В спину – было – нож бросали, забить железными прутьями пытались, однажды машиной наехали… Весь в рубцах-отметинах. Право слово – Волк!
Грозят, однако боятся.
Тот же Италмаз…
Разозлил он Италмаза сегодня. Нет, обязательно он поутру на джейранов пойдет! Не пойдет – от злобы кровь в нем свернется… Но – ничего! Ночь длинная – и кто еще раньше встанет!..
Поскуливал во сне обиженным щенком огромный волкодав Караель. В окна с лунного неба лезли звезды. В карьере, откуда возят цветную глину, тявкали, подвывали шакалы.
И снова-заново Курбан-Гурт, чувствуя, как ноют натруженные за годы, не раз перебитые и сраставшиеся кости его, теперь стариковские, которые поневоле будешь беречь, они еще неплохо держат, но долго им перед старостью не устоять, бессонно возвращался к прежним мыслям своим. Он, как и другие, все же песчинка природы – что бы ни говорил ему о гордой власти человека директор Сердоморов – и зависим от нее, природы. Так он считает, убежден в этом. Кустик ёвшана[22]22
Среднеазиатская полынь.
[Закрыть], один-одинешенек выросший посреди голой такырной необозримости, – он тоже не зря появляется, ему природой дано свое назначение. Для всяких мелких ползающих и бегающих живых существ этот одинокий кустик как ориентир на местности, на нем роится неведомо откуда залетевшая мошка, под ним, в углублении у корня, скапливаются дождевые брызги, а по весне, разбросавший с помощью ветра свои легкие семена, ёвшанный кустик уже переговаривается с новыми, проклюнувшимися из бестолковой соленой почвы ростками, детьми своими… Он брошен был в определенное место природой, она указала ему судьбу его.

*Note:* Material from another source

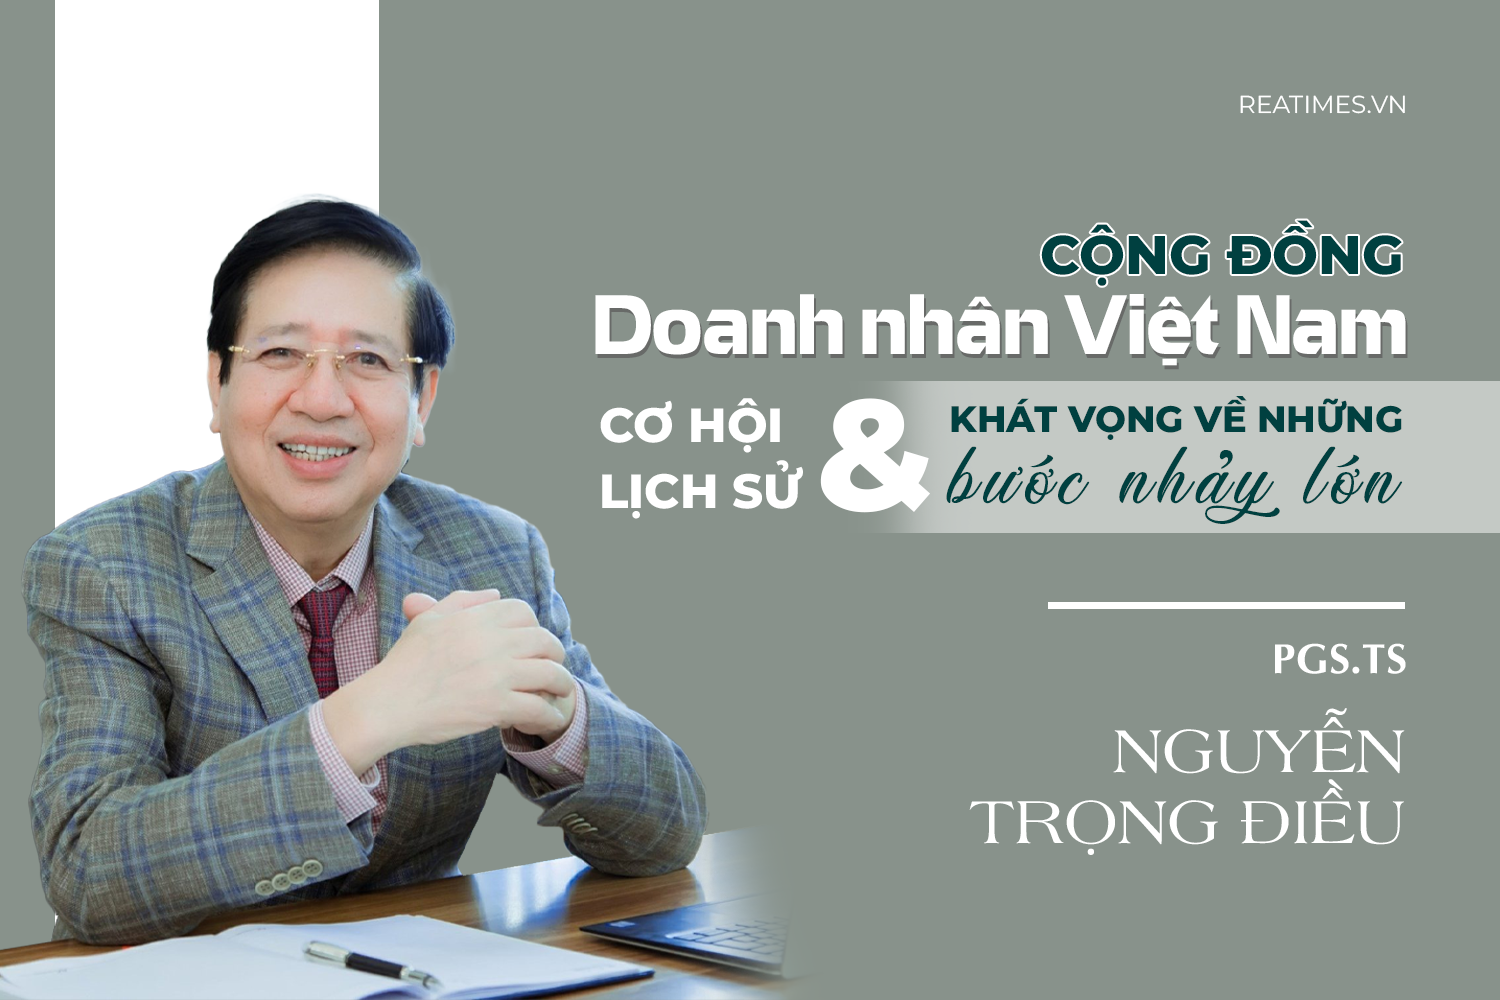  Nghị quyết 41 và cơ hội lịch sử để cộng đồng doanh nhân Việt Nam tạo sức bật mới

Судьба же как лабиринт, брезжит вдалеке свет, спешишь на него, но, оказывается, не выход перед тобой – лбом в глухую стену упираешься, и все равно опять, доверяясь, бежишь ты на призрачный свет в поисках какого-то неясного желанного освобождения… Он, помнится, в двадцать шестом году не хотел оставаться в Хиве, где долечивался в госпитале: город был чужой и равнодушный к нему, жили тут тогда угрюмо, каждый надеясь на ловко упрятанный в рукаве халата нож и на свою изворотливость. А он к тому времени устал от вида оружия. Однако, подчиняясь непонятному велению сердца своего, все же не уехал, поступил в хивинскую милицию, только для того, наверно, чтобы через месяц-полтора встретить здесь Адамбая Орунова.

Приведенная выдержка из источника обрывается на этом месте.